I'm trying to combine two ways of looking at the Laplacian $\Delta$ on $\mathbb R^n$ (and on other domains).

Firstly, it is well known that this operator is essentially self-adjoint on $C_c^\infty(\mathbb R^n)$. Secondly, I know that for $f,g \in C^\infty_c(\mathbb R^n)$ it holds that $\langle u, \Delta u \rangle = \langle \nabla u, \nabla v \rangle $, where the inner-product is the $L^2$ one.
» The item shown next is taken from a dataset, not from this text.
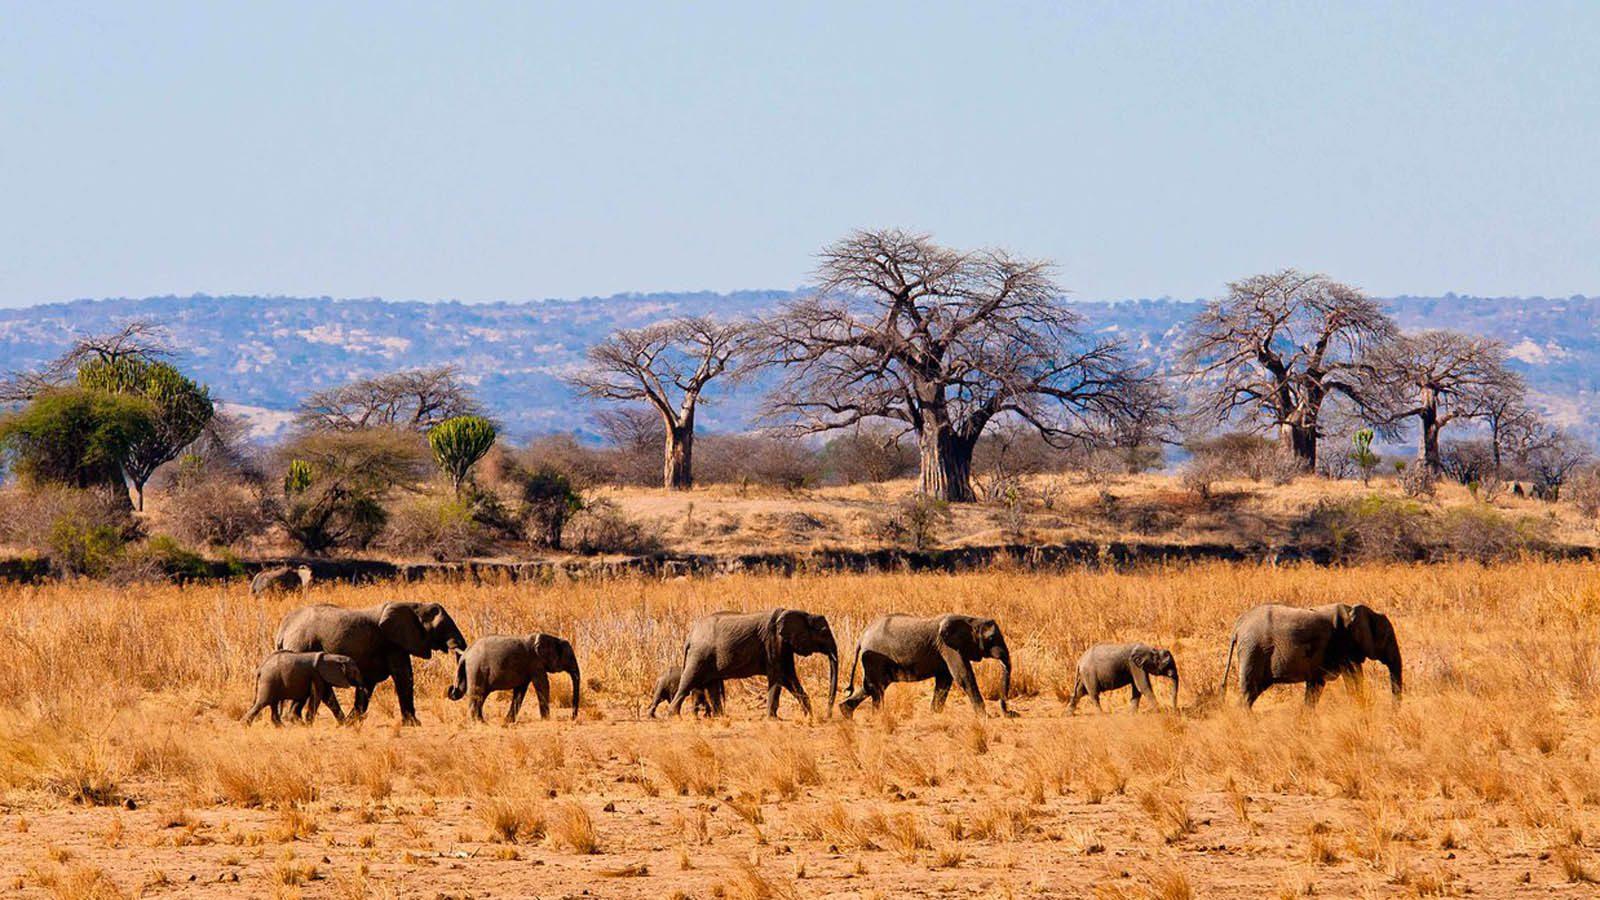 Wildlife in Tarangire National Park

Now the domain $\mathcal D (\Delta) \subset L^2$ on which the Laplacian is self-adjoint must contain $C_c^\infty (\mathbb R^n)$, but I can't seem to find much more information on this. By the previous identity I feel like $\Delta u \in L^2$ should imply that $u \in H^1(\mathbb R^n)$, but I can't seem to find a way to prove this. I know it is possible to prove that $\mathcal D(\Delta) \subset H^2(\mathbb R^n$) via elliptic regularity etc, but it seems to me like there "should" be an elementary argument for showing $\mathcal D(\Delta) \subset H^1$ (preferably via the non-Fourier-transform characterisation of weak derivatives) but I can't seem to find it anywhere.

Edit: To clarify my question: I am looking for a simple proof of $\Delta u = f \in L^2$ implies $u \in H^1$ where $\Delta u$ is defined as the self-adjoint extension of the Laplacian $\Delta$ on $C^\infty_c$, preferrably one which also works on domains other than $\mathbb R^n$.